__EXTRACTED INFORMATION__:
::::
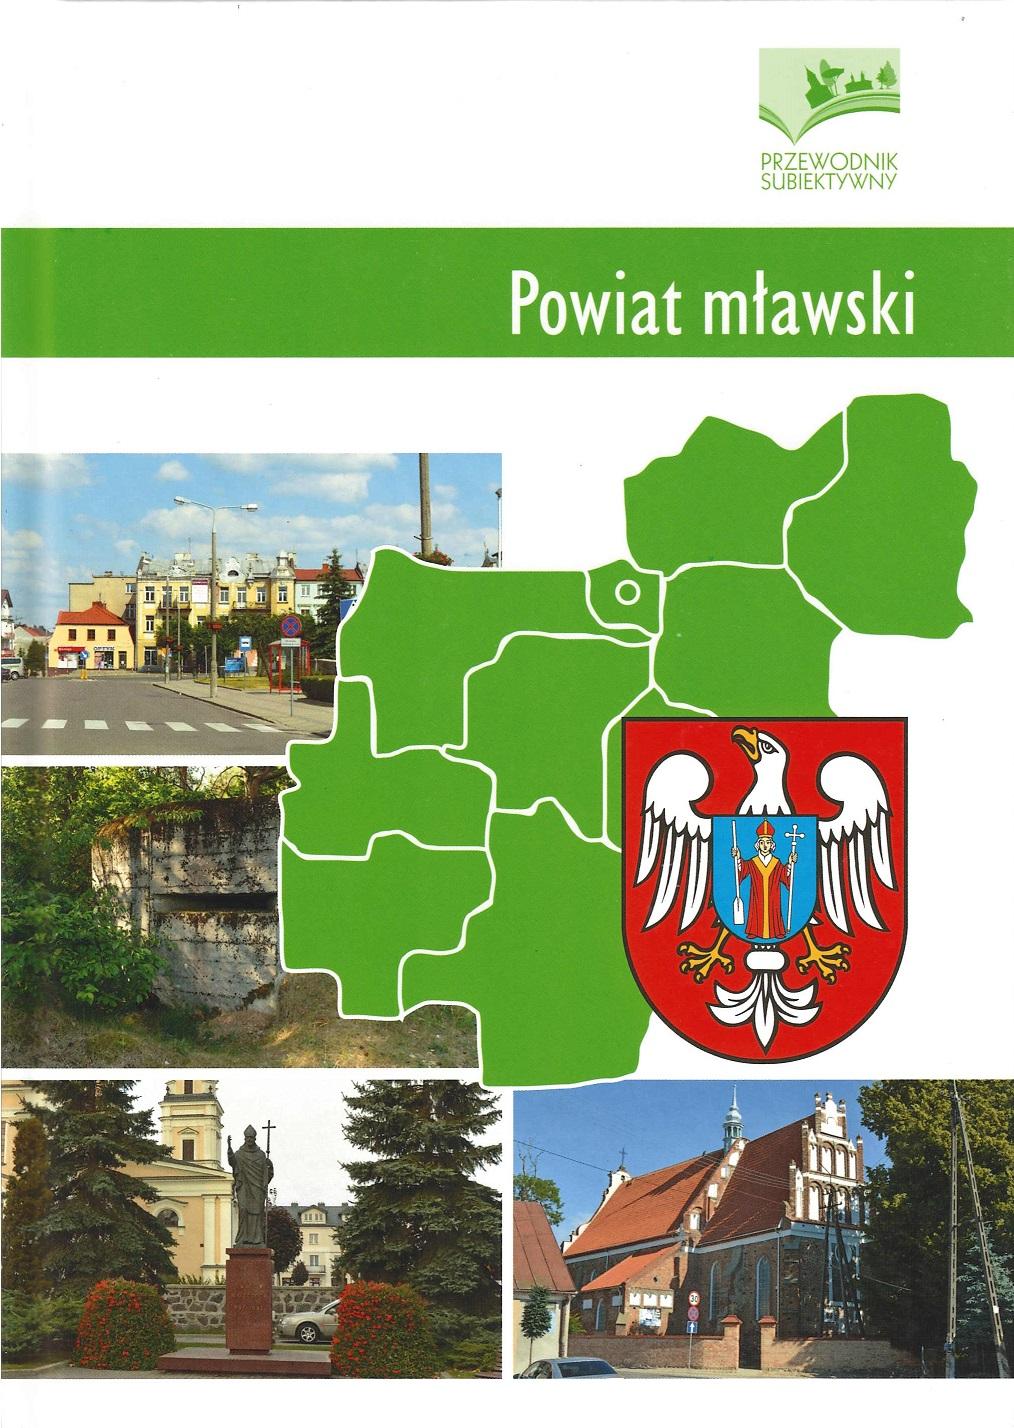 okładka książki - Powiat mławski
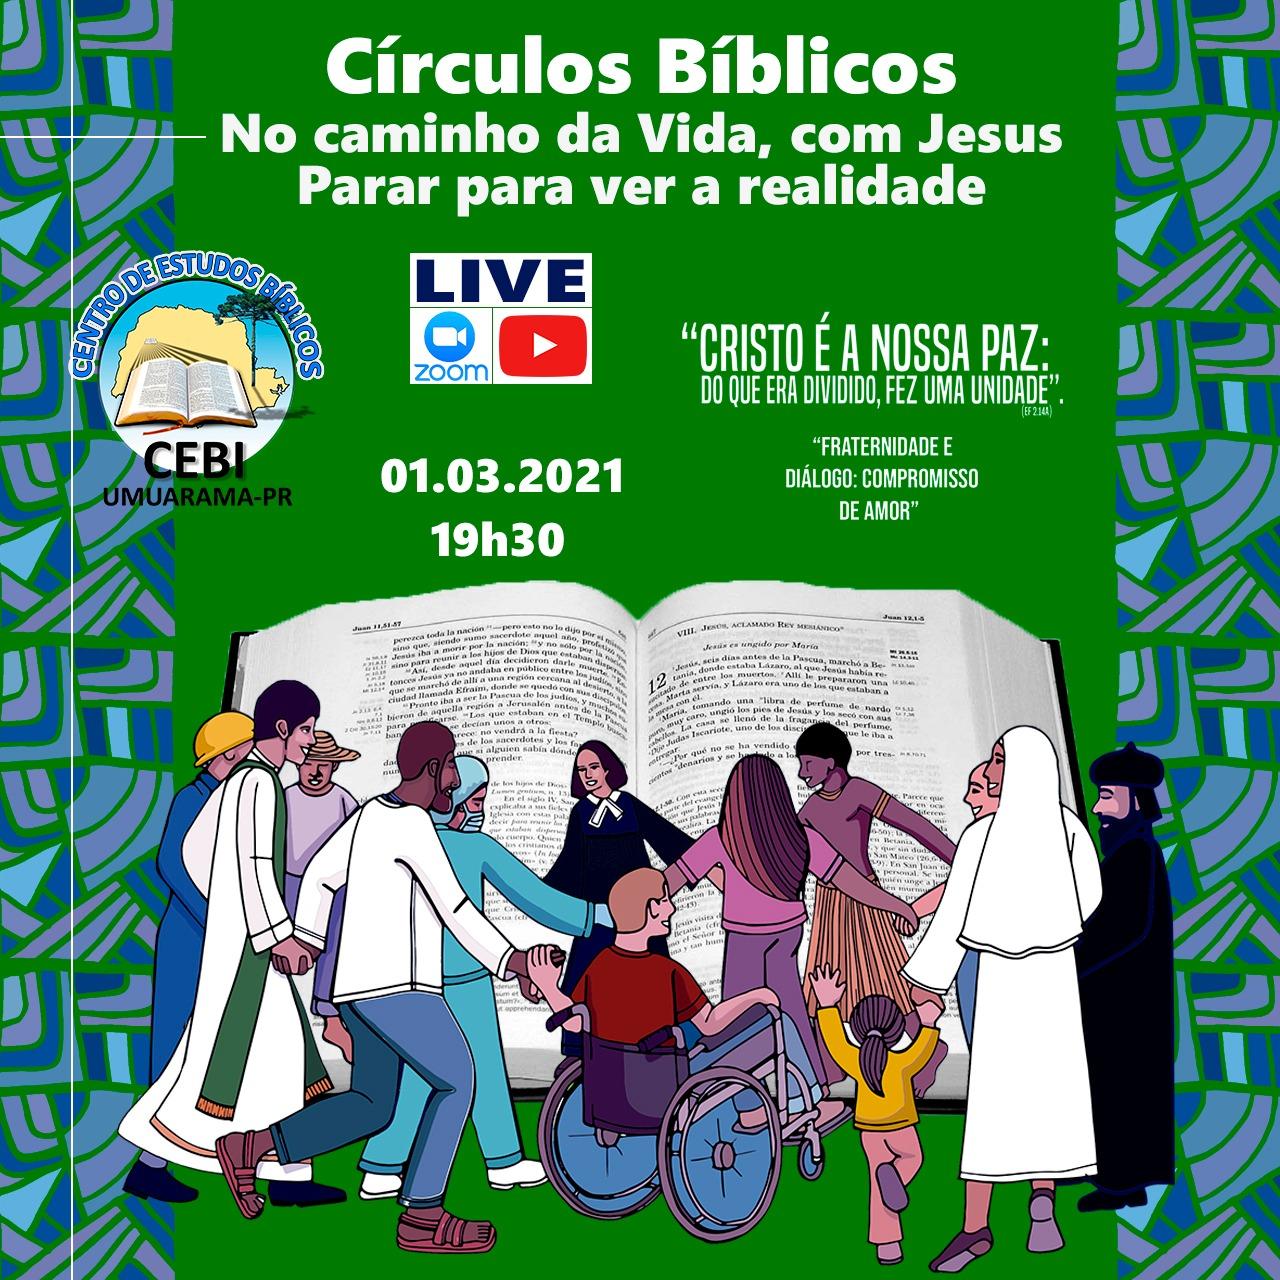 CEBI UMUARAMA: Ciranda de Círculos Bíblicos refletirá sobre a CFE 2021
::::
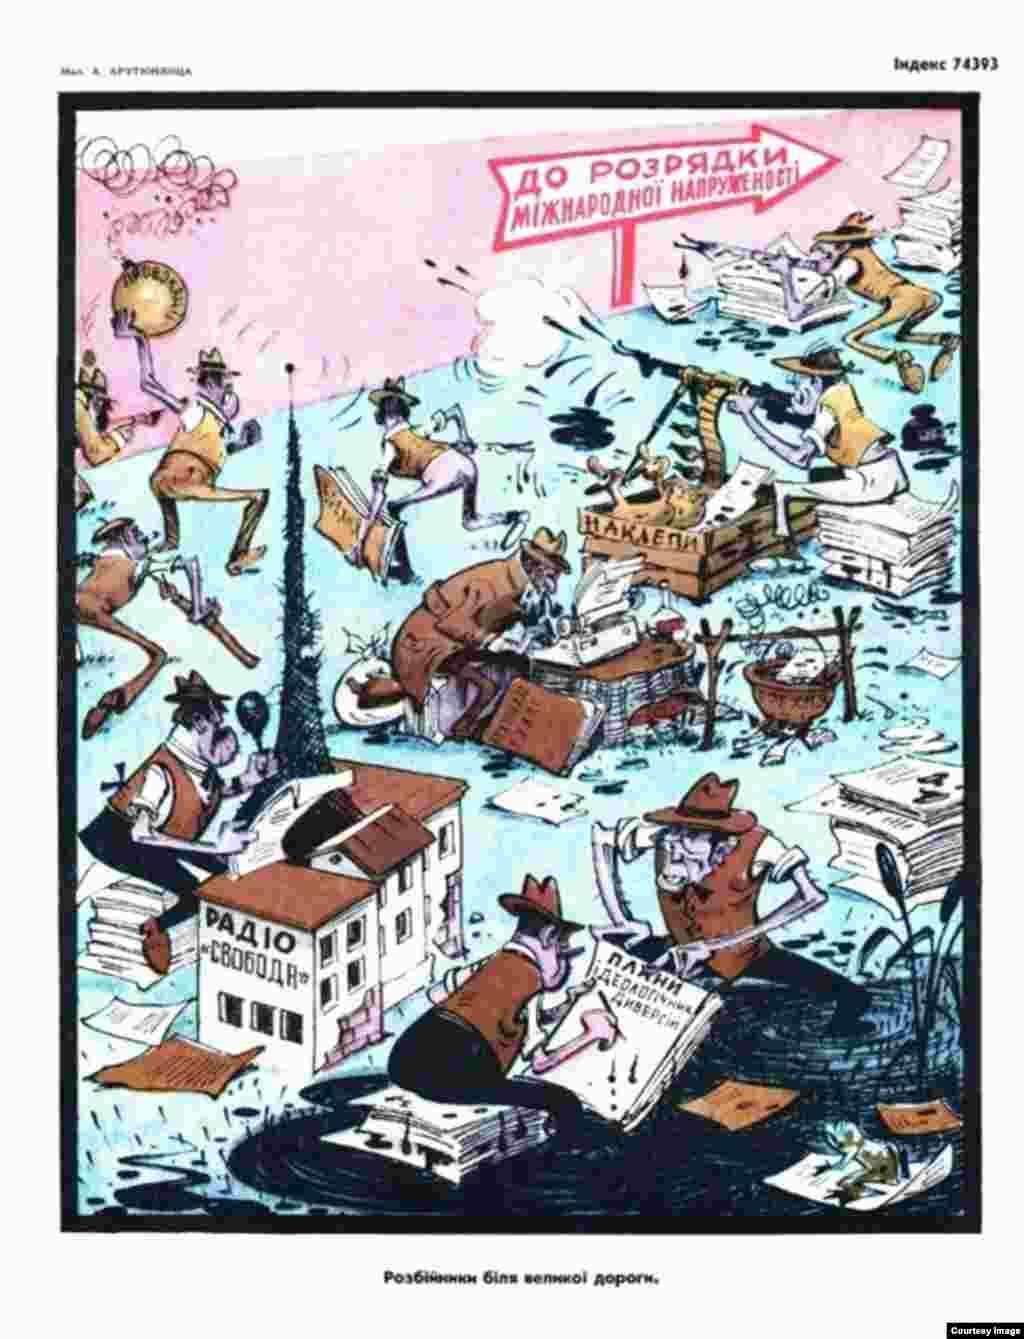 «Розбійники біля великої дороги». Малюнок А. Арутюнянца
::::
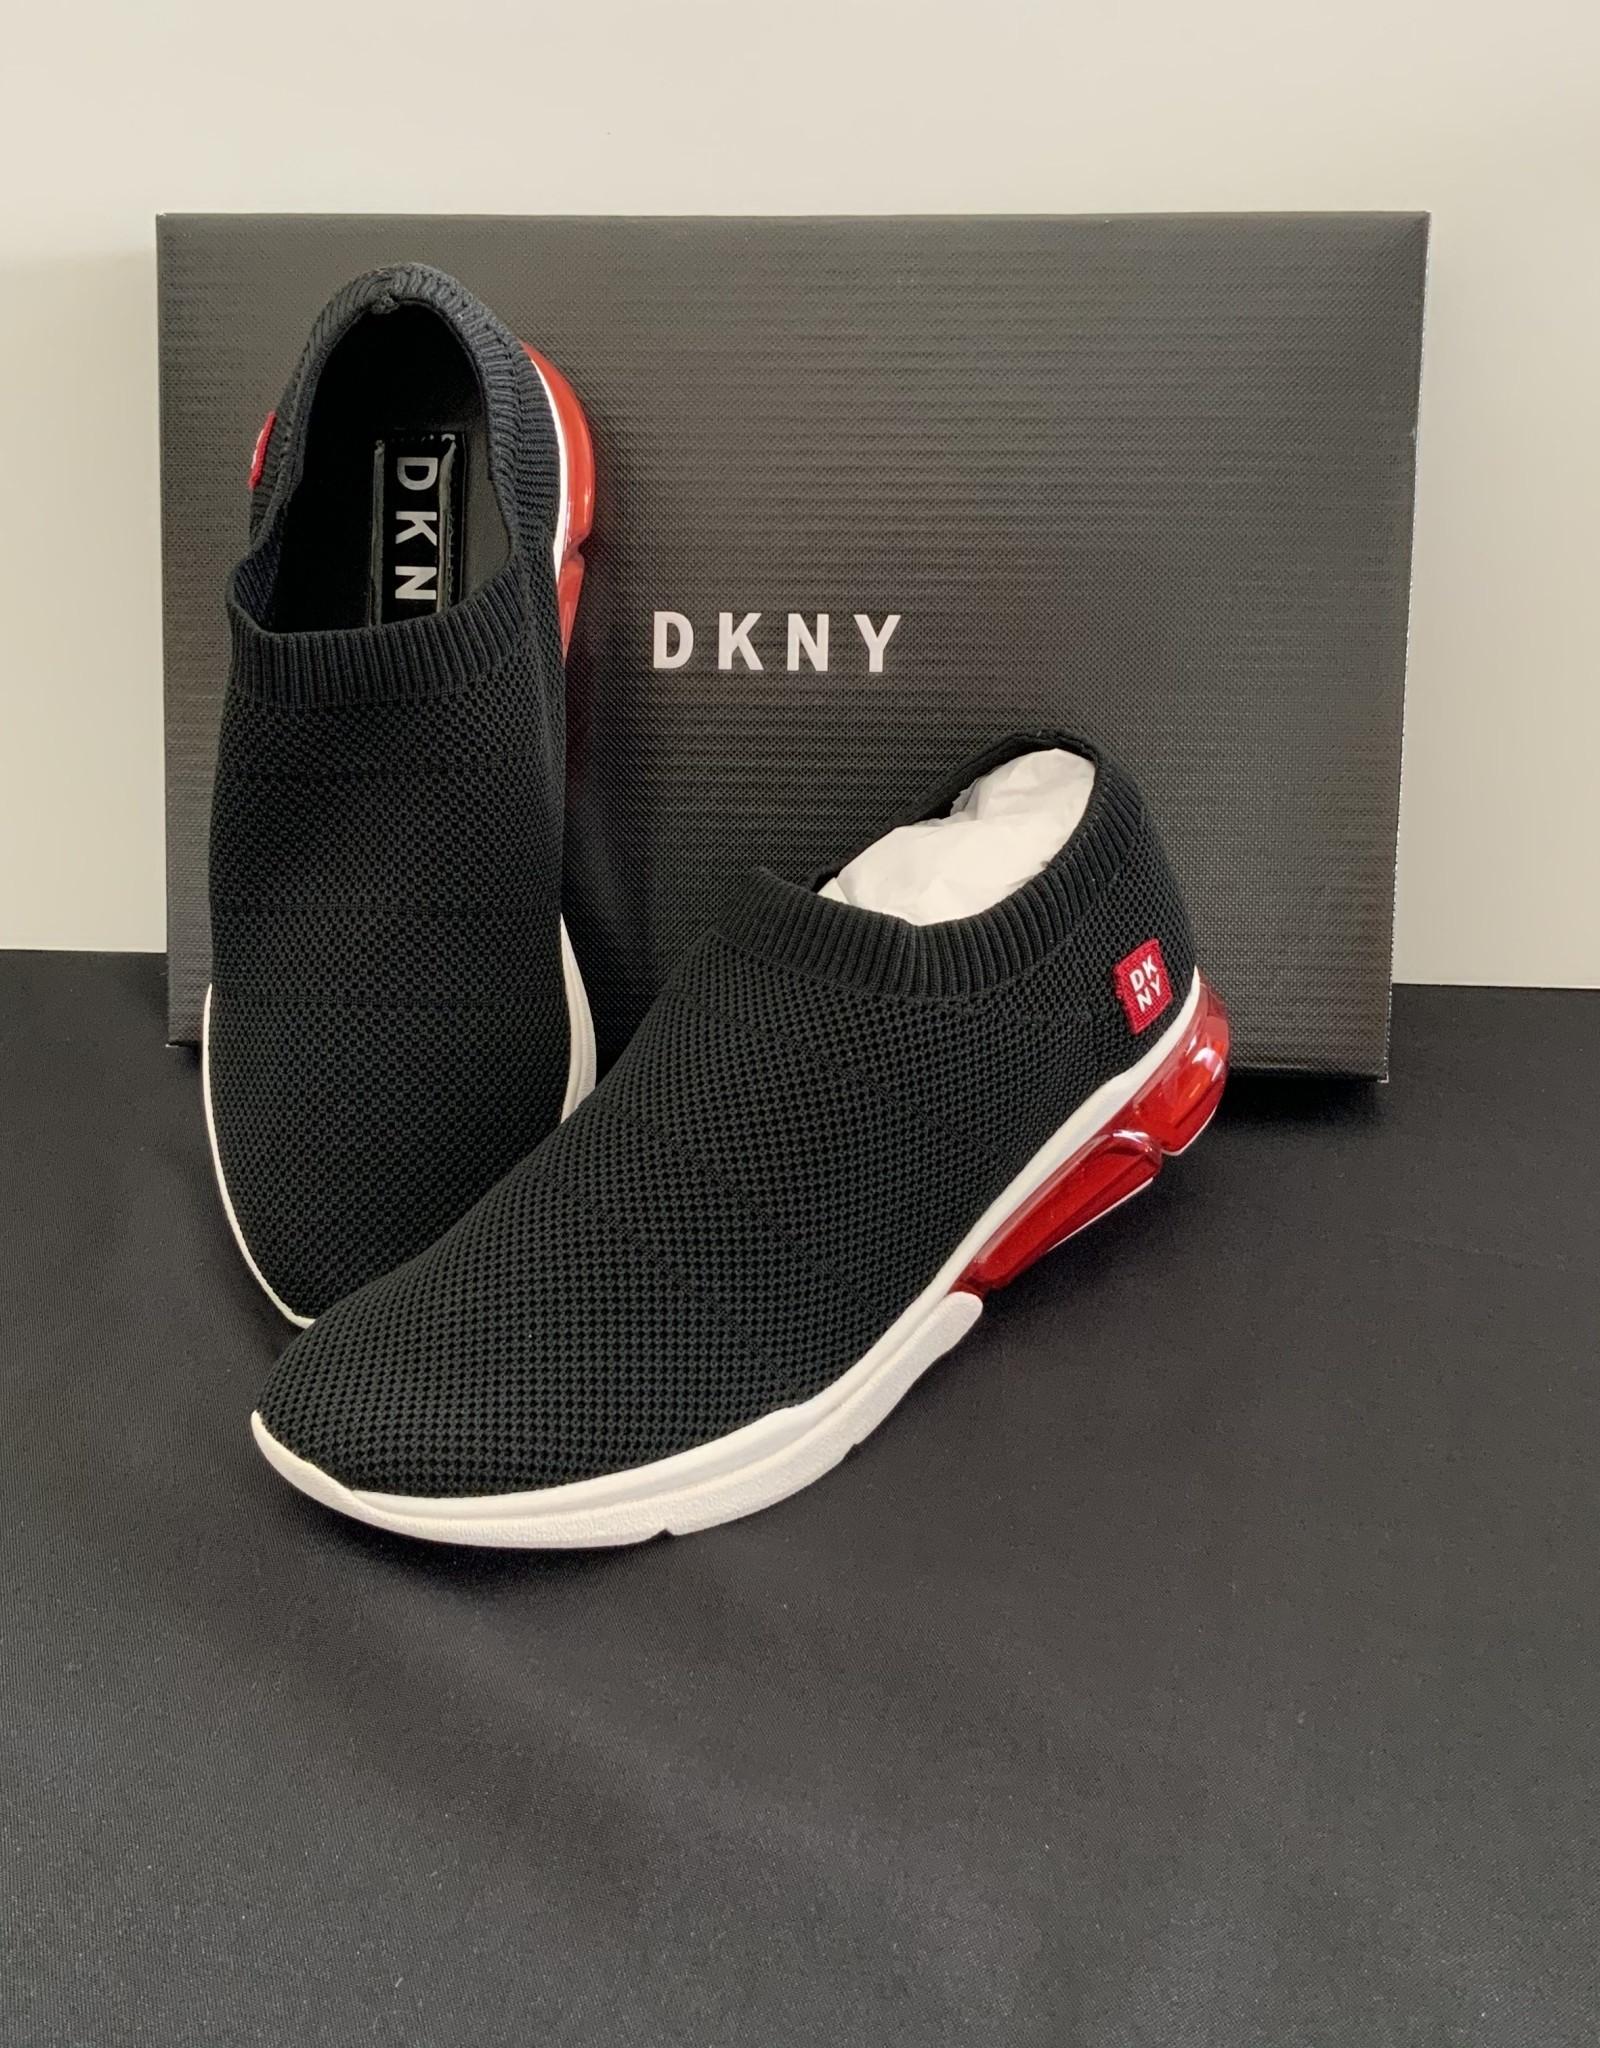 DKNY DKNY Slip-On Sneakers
::::
__TASK__:
Of the lines above, quote exactly those from the one with "okładka książki - Powiat mławski" through the one with "CEBI UMUARAMA: Ciranda", ends included; pictures stay out.

__WRITTEN REPLY__:
 okładka książki - Powiat mławski
 CEBI UMUARAMA: Ciranda de Círculos Bíblicos refletirá sobre a CFE 2021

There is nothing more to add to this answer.